++++ Data below ++++
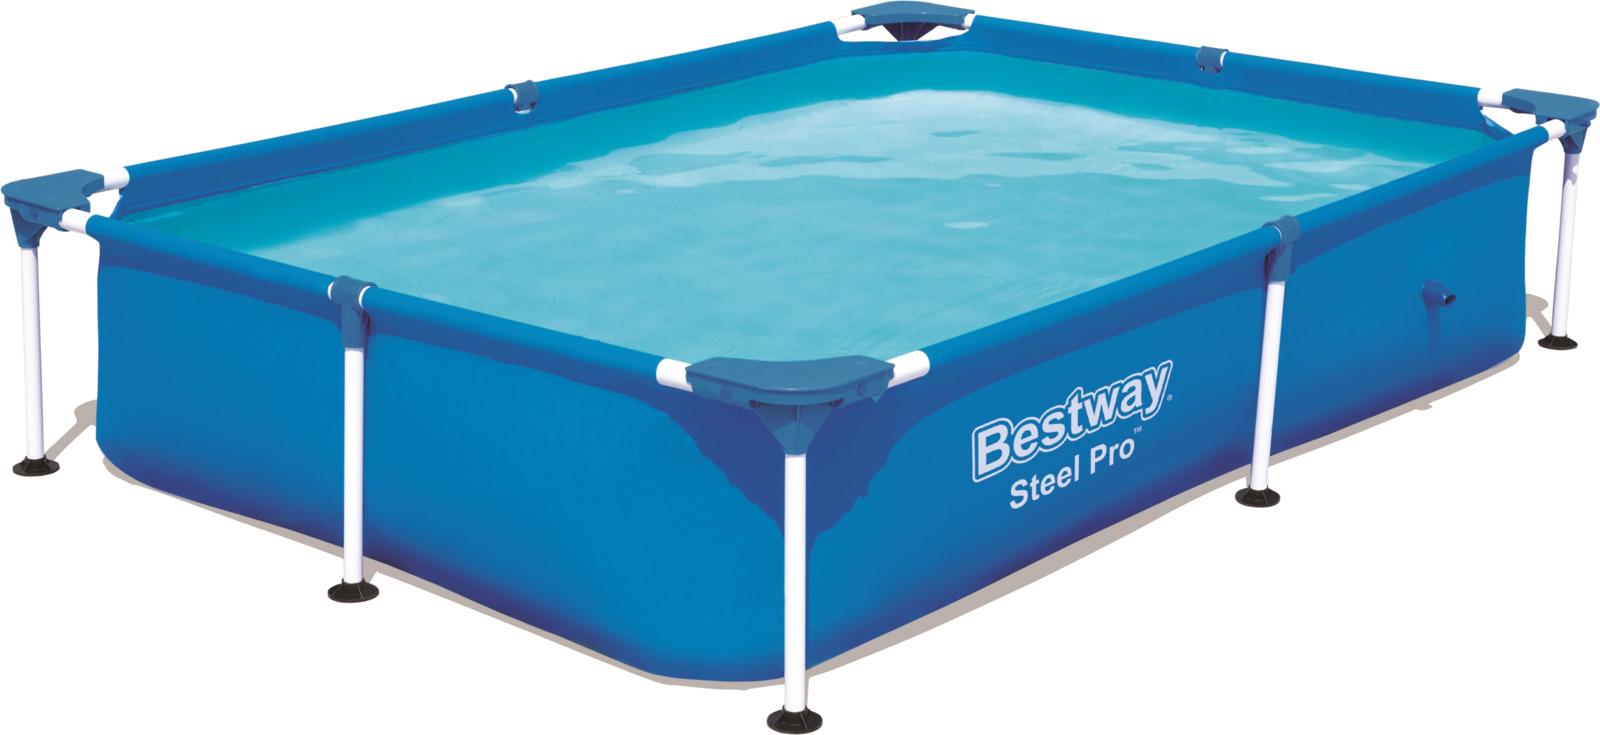 Бассейн каркасный Bestway Steel Pro, 1200 л бассейн каркасный polygroup p20 1248 s 366х122 см
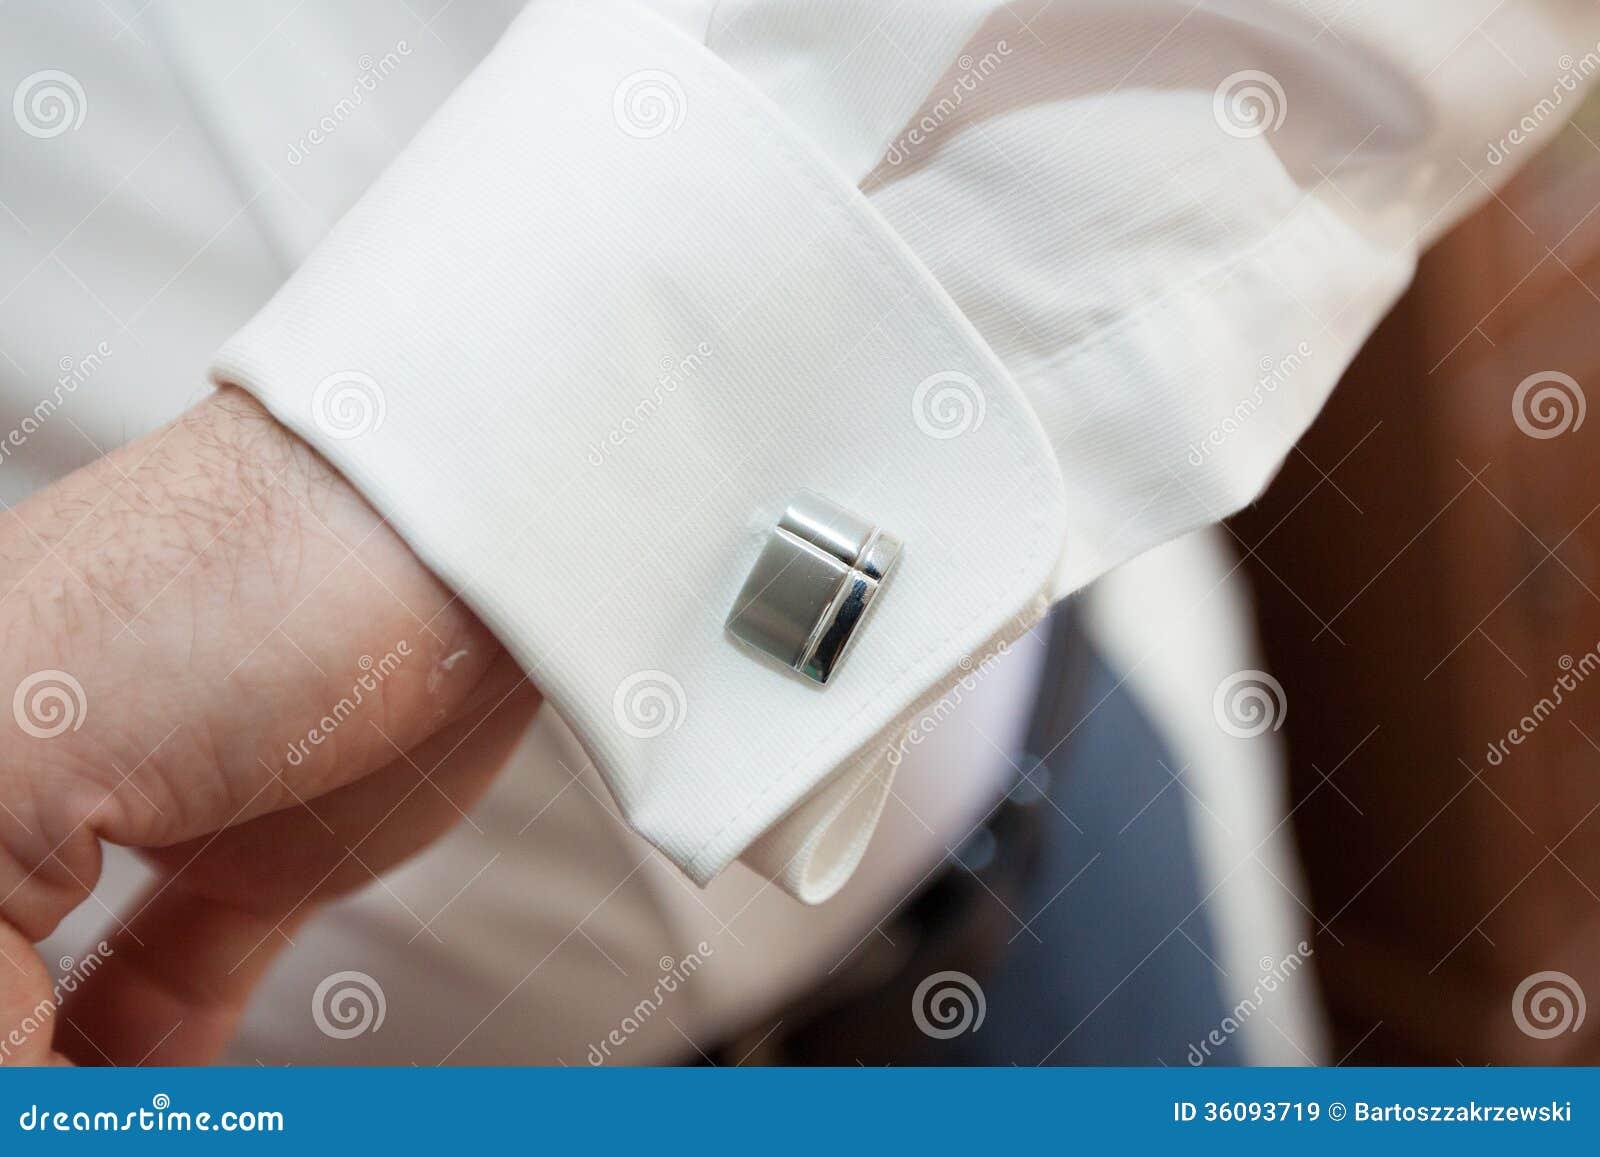 Dress shirt cufflinks in a suit stock image image 36093719 for Dress shirt for cufflinks
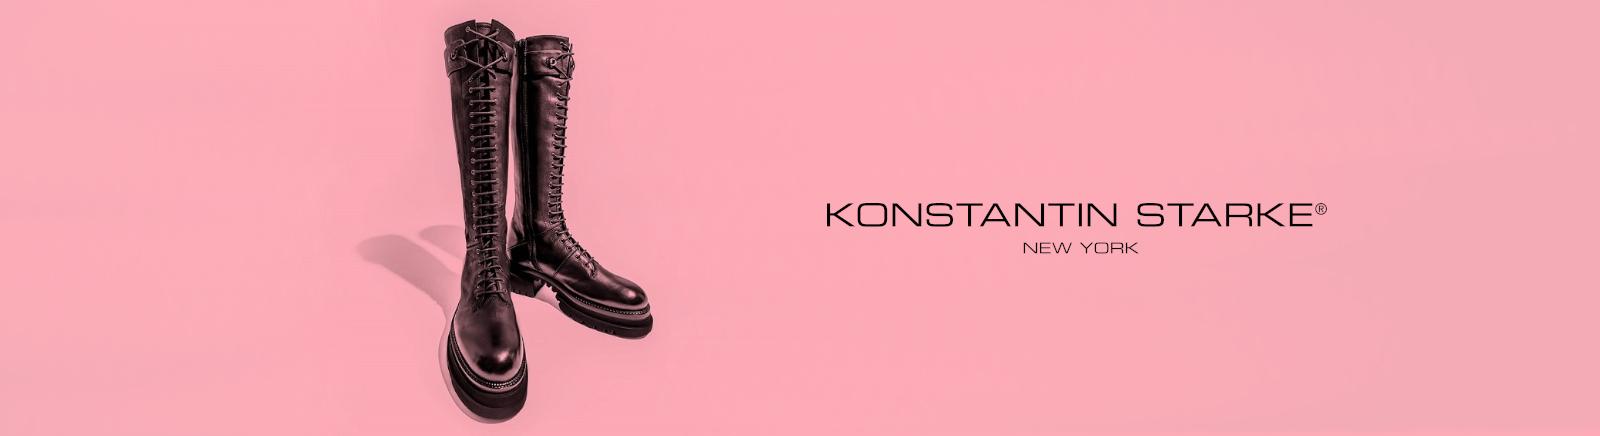 Gisy: Konstantin Starke Slingpumps für Damen online shoppen
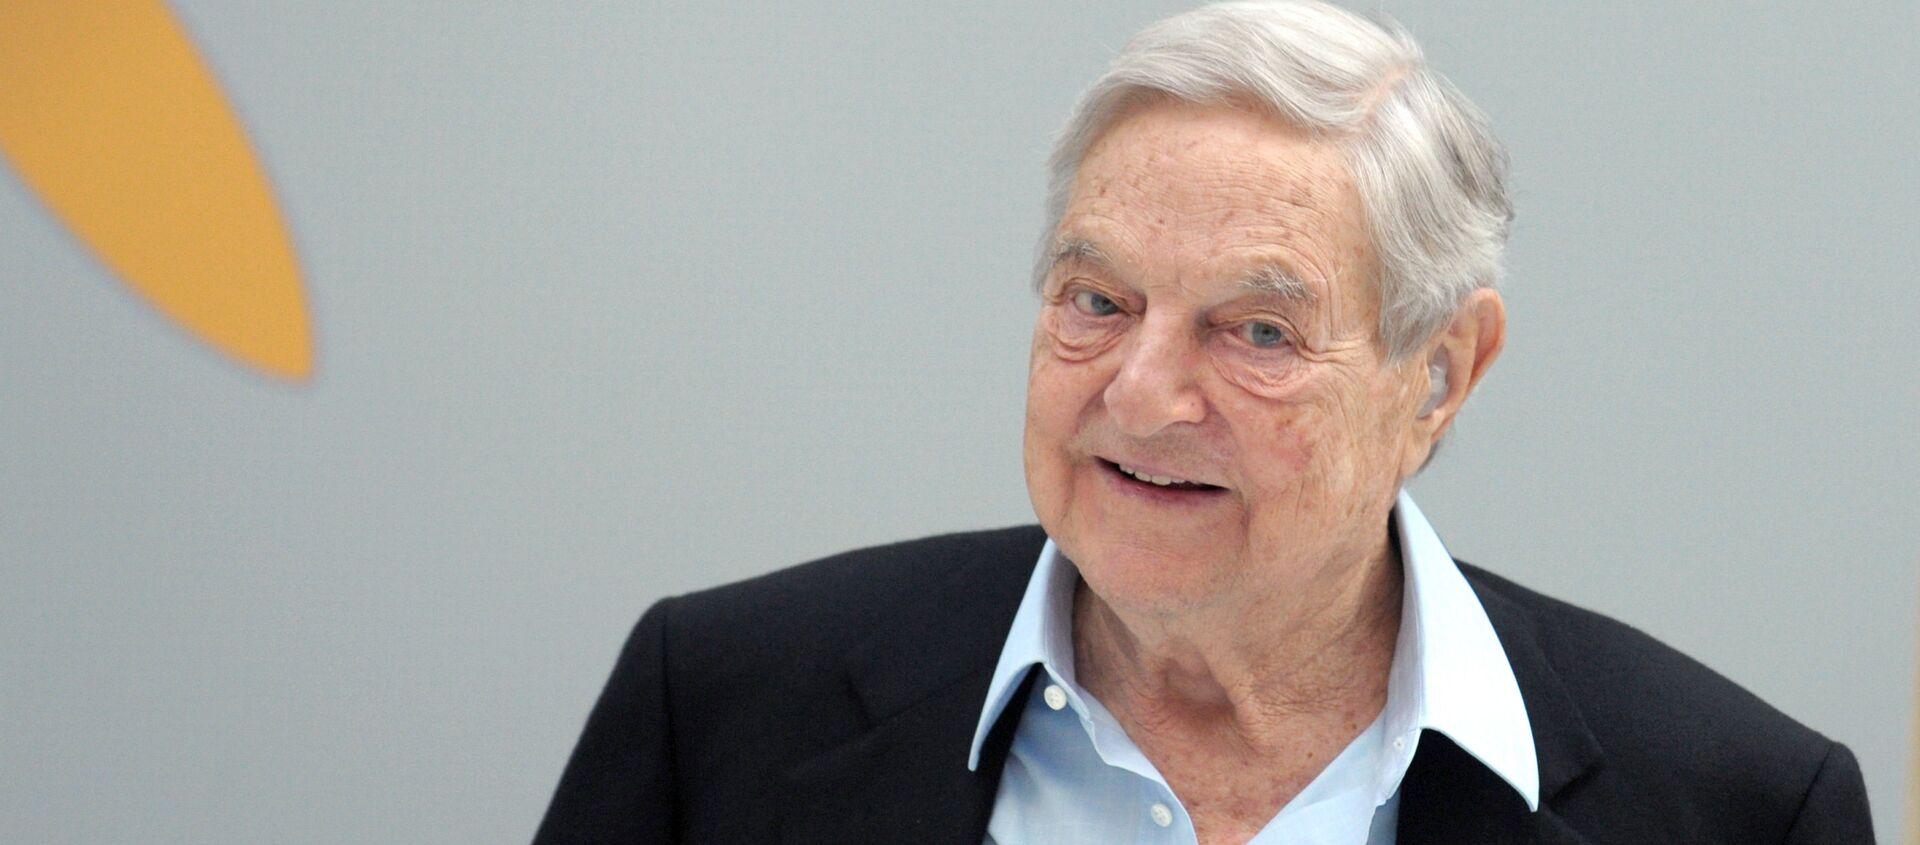 Hungarian-born US chairman of the Soros Fund Management, George Soros - Sputnik International, 1920, 23.07.2021
++++
**Problem requirements**. Restate the data word for word, minus any images.

**Completed exercise**.
 Бассейн каркасный Bestway Steel Pro, 1200 л бассейн каркасный polygroup p20 1248 s 366х122 см
 Dress shirt cufflinks in a suit stock image image 36093719 for Dress shirt for cufflinks
 Gisy: Konstantin Starke Slingpumps für Damen online shoppen
 Hungarian-born US chairman of the Soros Fund Management, George Soros - Sputnik International, 1920, 23.07.2021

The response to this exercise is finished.